All of the food will be free, passed out on a first come, first served basis. (Good reason, perhaps, to show up early.)

Portrait of a chef in a baseball cap posing in his restaurant.
Calabash chef-owner Nigel Jones says he’s optimistic about the future of Oakland. (Courtesy of Nigel Jones)

Jones notes that while it has been a challenging few years for all restaurants in Oakland, Black-owned food businesses have had a particularly difficult time. By and large, they’re scrappy, independent operations, often without any financial cushion. And the COVID shutdowns were brutal for restaurants like Calabash that depend on downtown foot traffic.

Despite the struggles, Jones says he’s hopeful for the future of Oakland.

“Oakland doesn’t have tech. We don’t have oil. We don’t have any anchor stores to drive people downtown. But what we do have is culture,” Jones says, noting how inspired he was by the thousands of people who came out to the Black Joy Parade this past weekend.

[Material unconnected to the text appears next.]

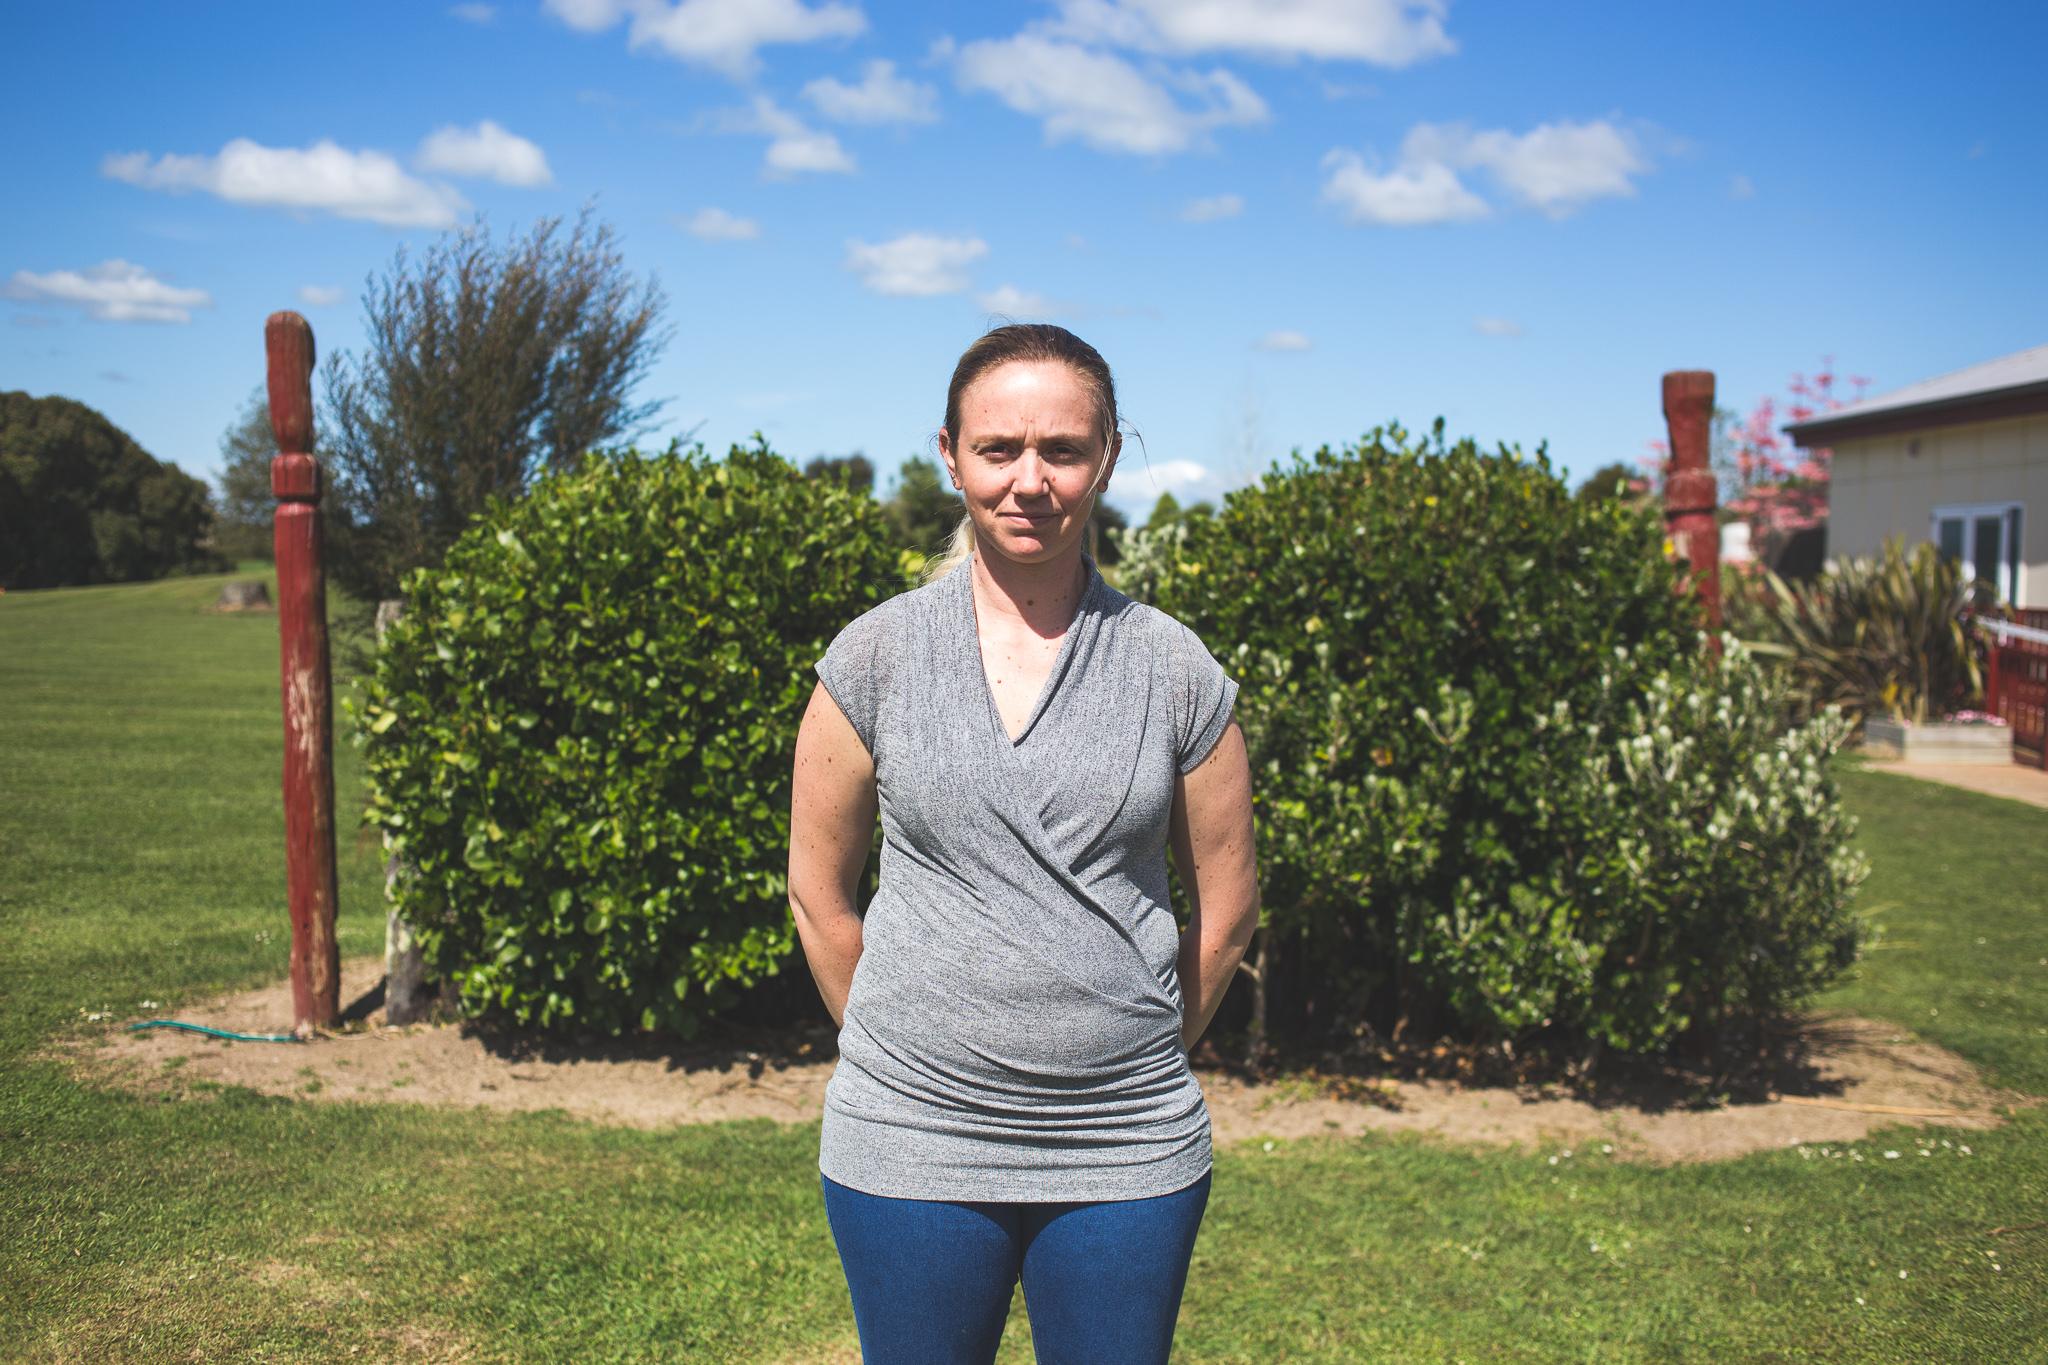 Aimee Tupaea - Ko Tainui te wakaNō Waikato ahauKo Aimee Tupaea tōku ingoaKo au te Pou Whakrite o Ngā Kaitiaki o te Awa o PūniuContact: admin@puniuinc.org

“The culture that we have in Oakland — that’s the thing that we need to invest in. That’s what we need to support.”


Oakland’s Black History Month centennial celebration is on Feb. 26, 6–9 p.m., at the Henry J. Kaiser Center for the Arts (10 10th St., Oakland). The event is free and open to the public. Guests are encouraged to attend in “African swag or business attire.”